↓↓↓

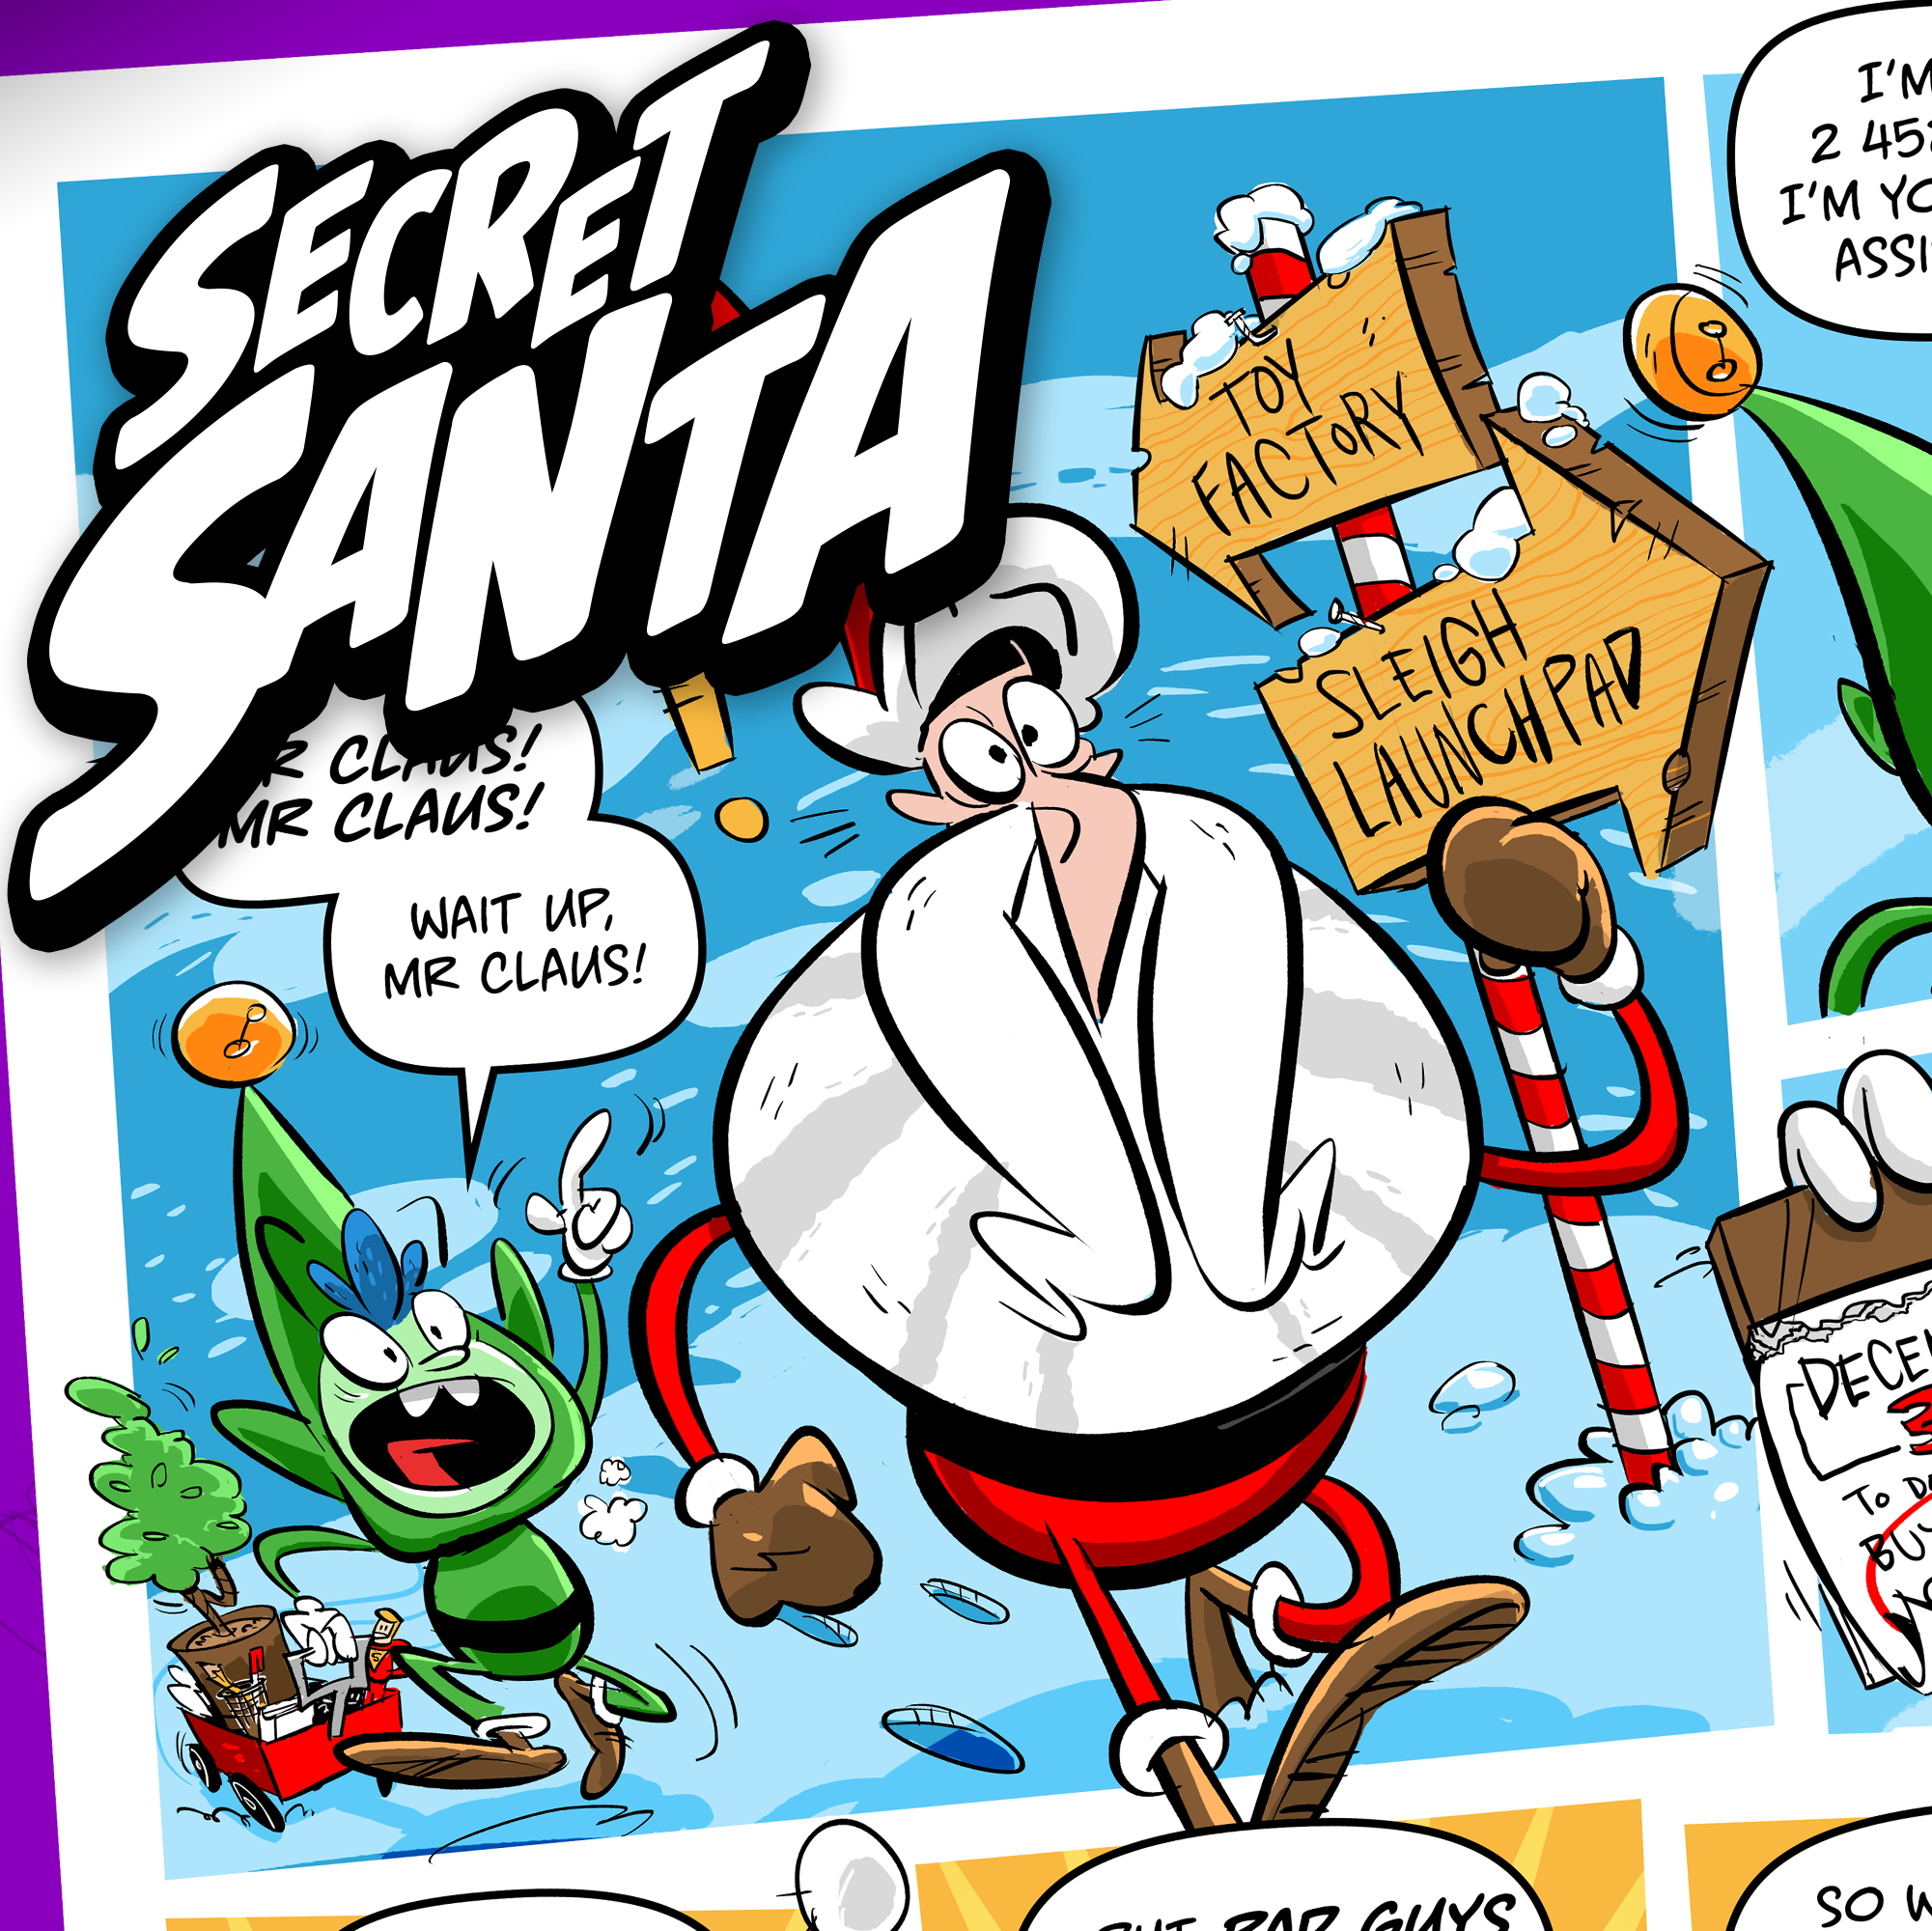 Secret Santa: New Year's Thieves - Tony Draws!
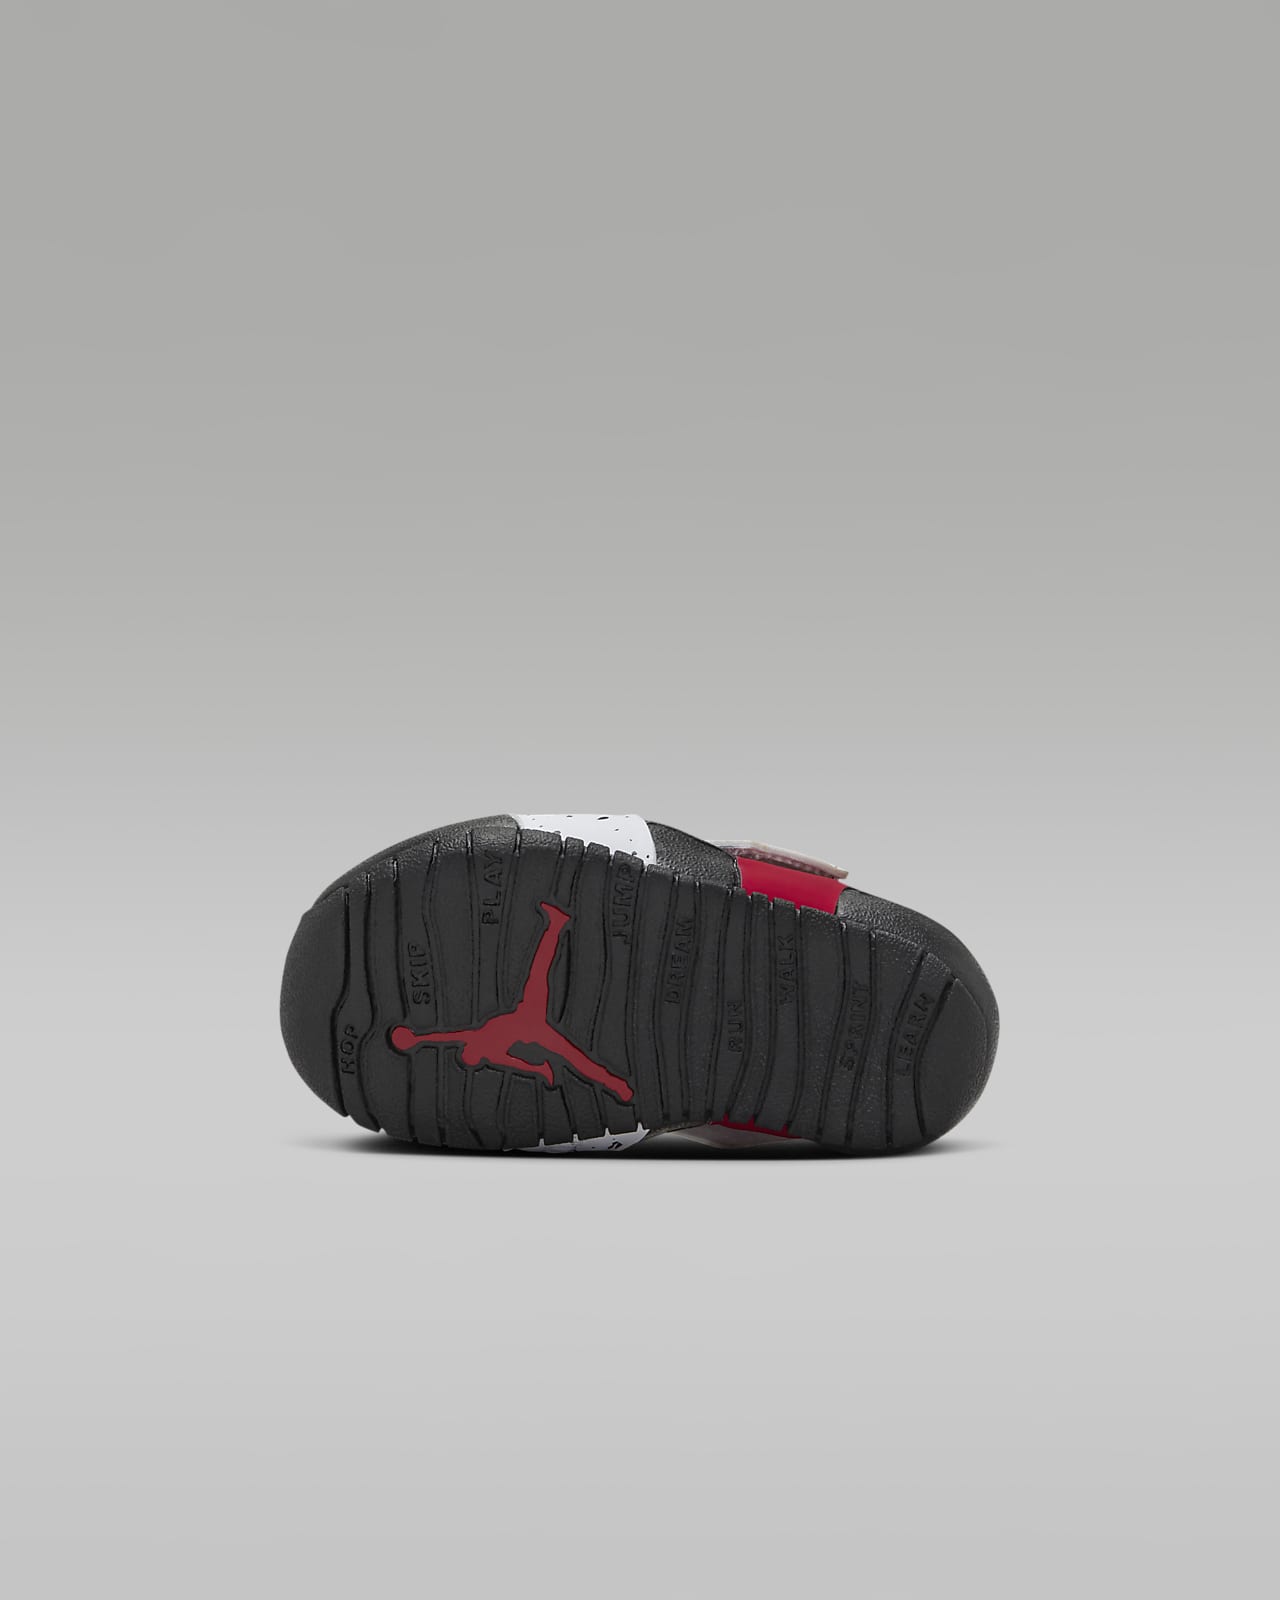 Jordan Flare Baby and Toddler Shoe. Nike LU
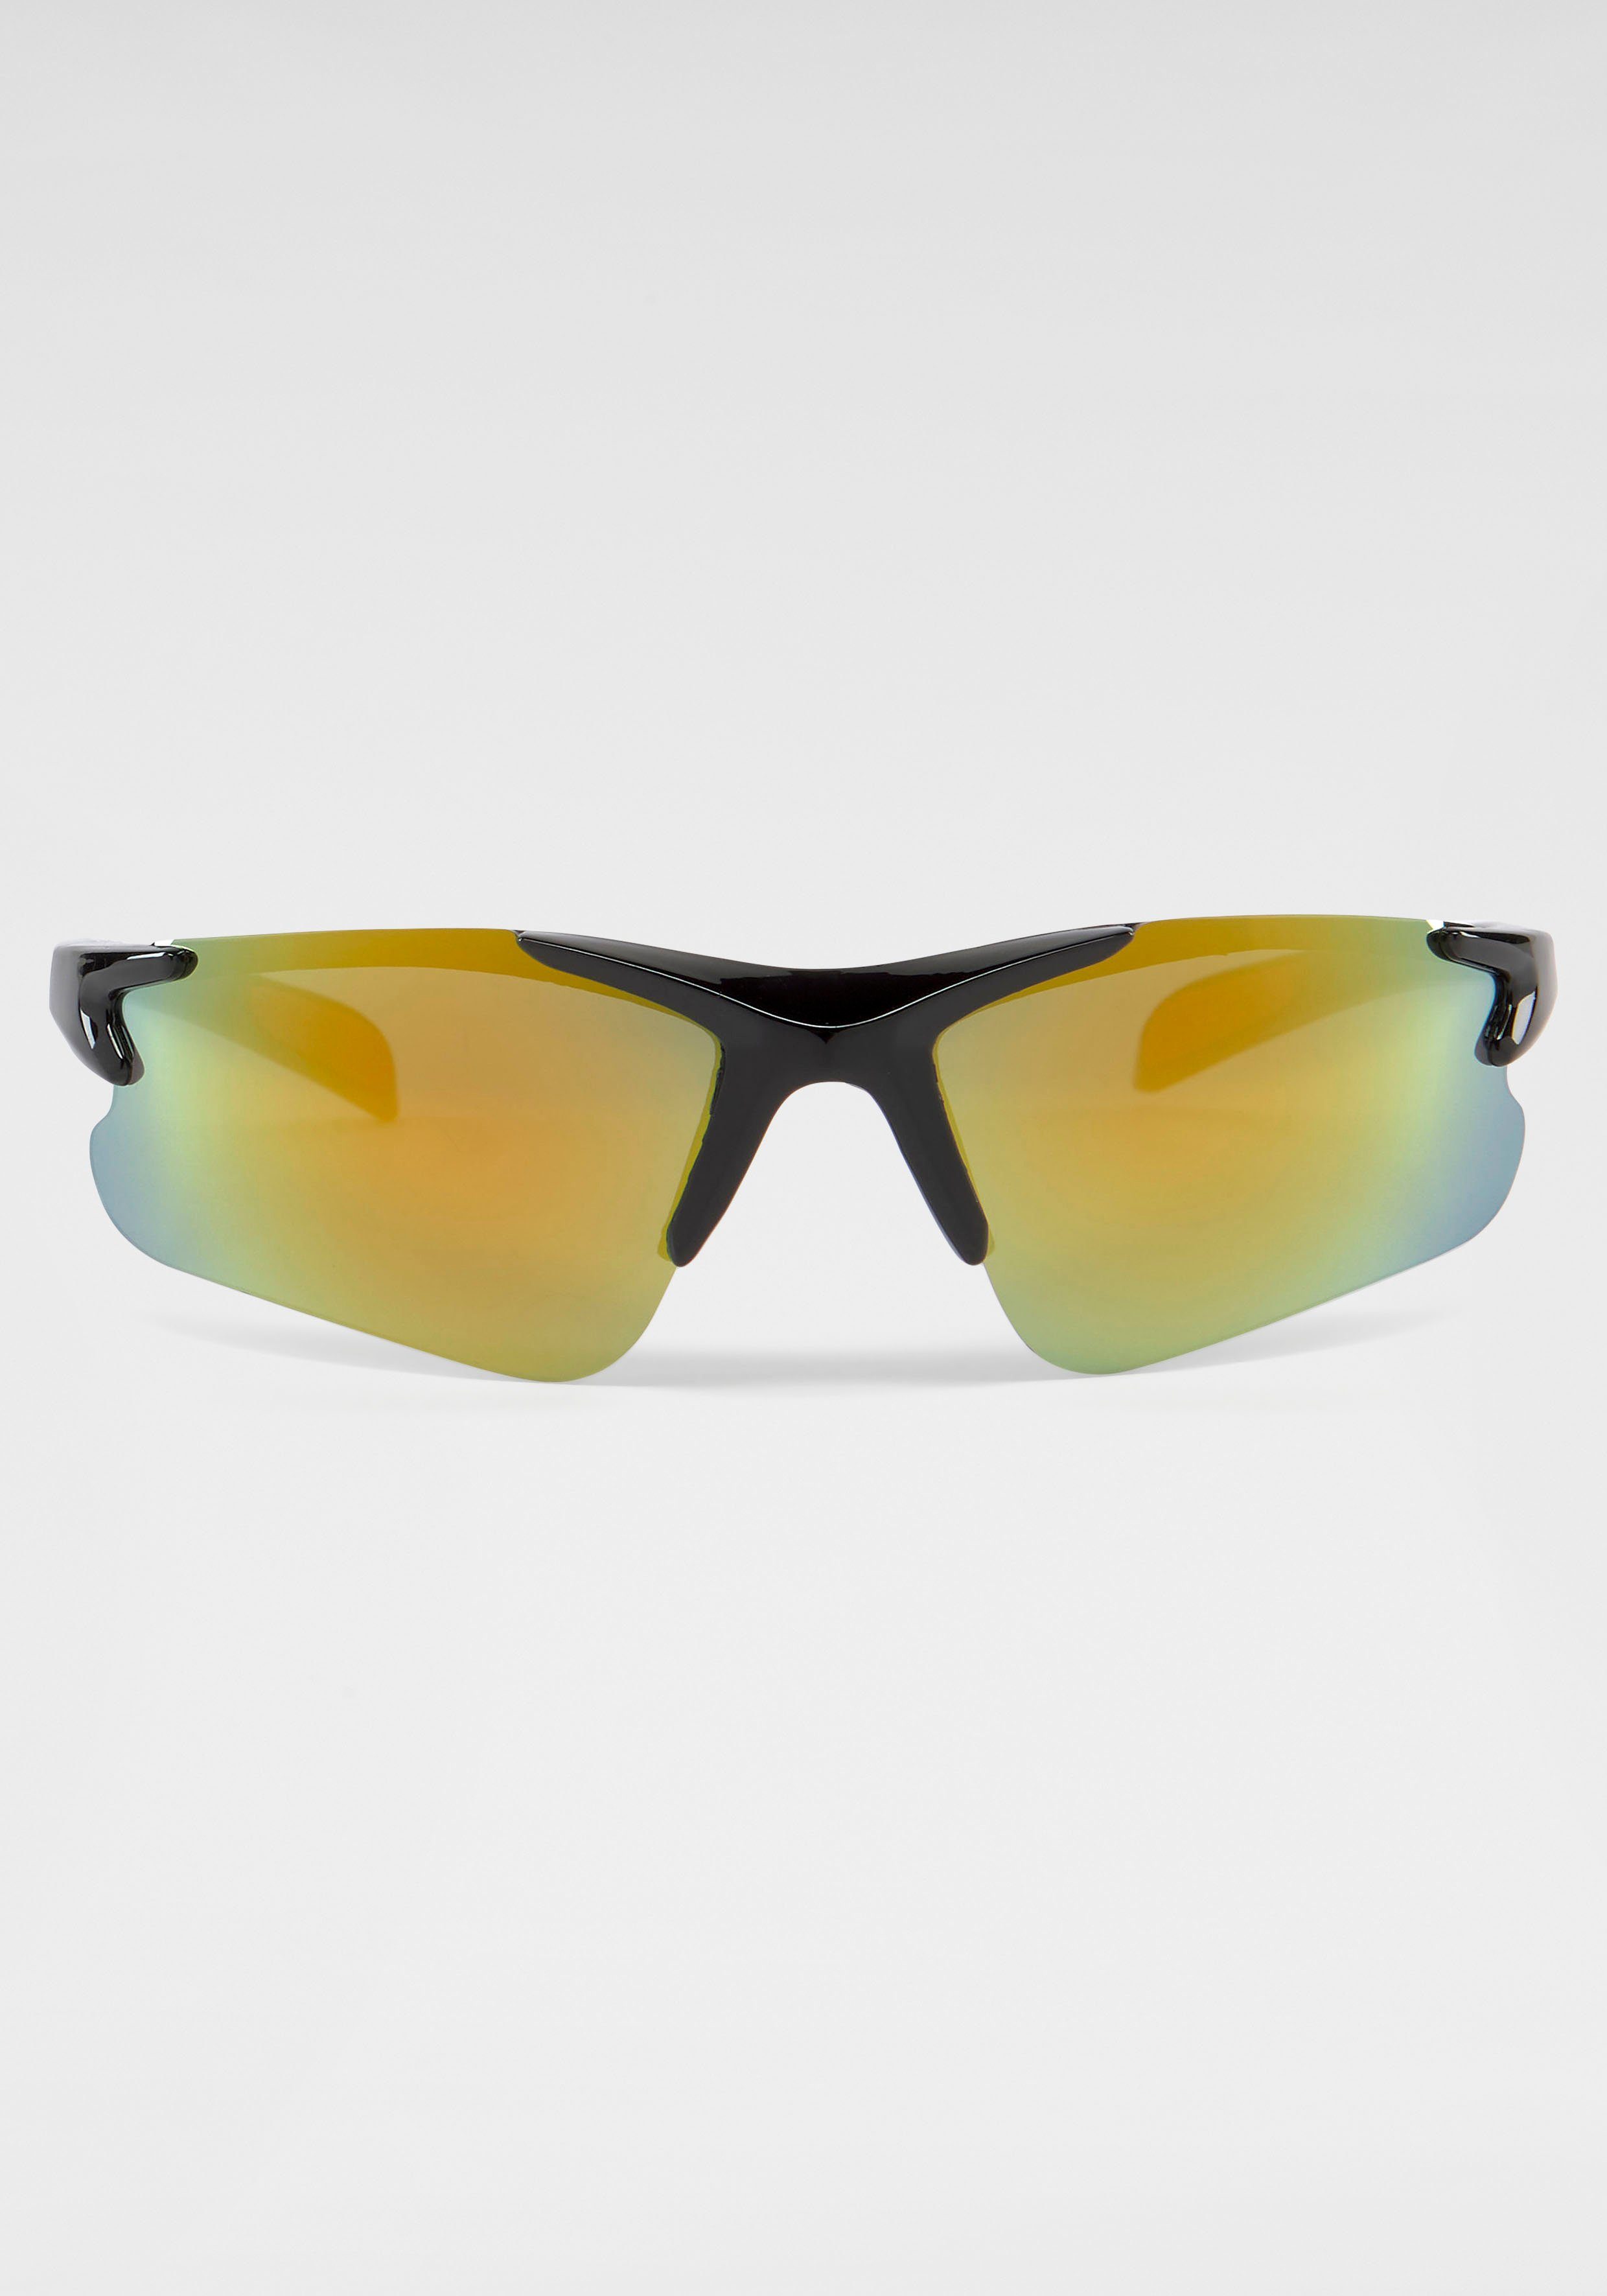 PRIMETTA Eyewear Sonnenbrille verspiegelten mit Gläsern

↑↑↑

> THE TASK: Print only the lines from the one with "Jordan Flare Baby and Toddler Shoe. Nike LU" through the last line of the data above, exactly and with both ends, and please omit any pictures.

> OUTPUT:
 Jordan Flare Baby and Toddler Shoe. Nike LU
 PRIMETTA Eyewear Sonnenbrille verspiegelten mit Gläsern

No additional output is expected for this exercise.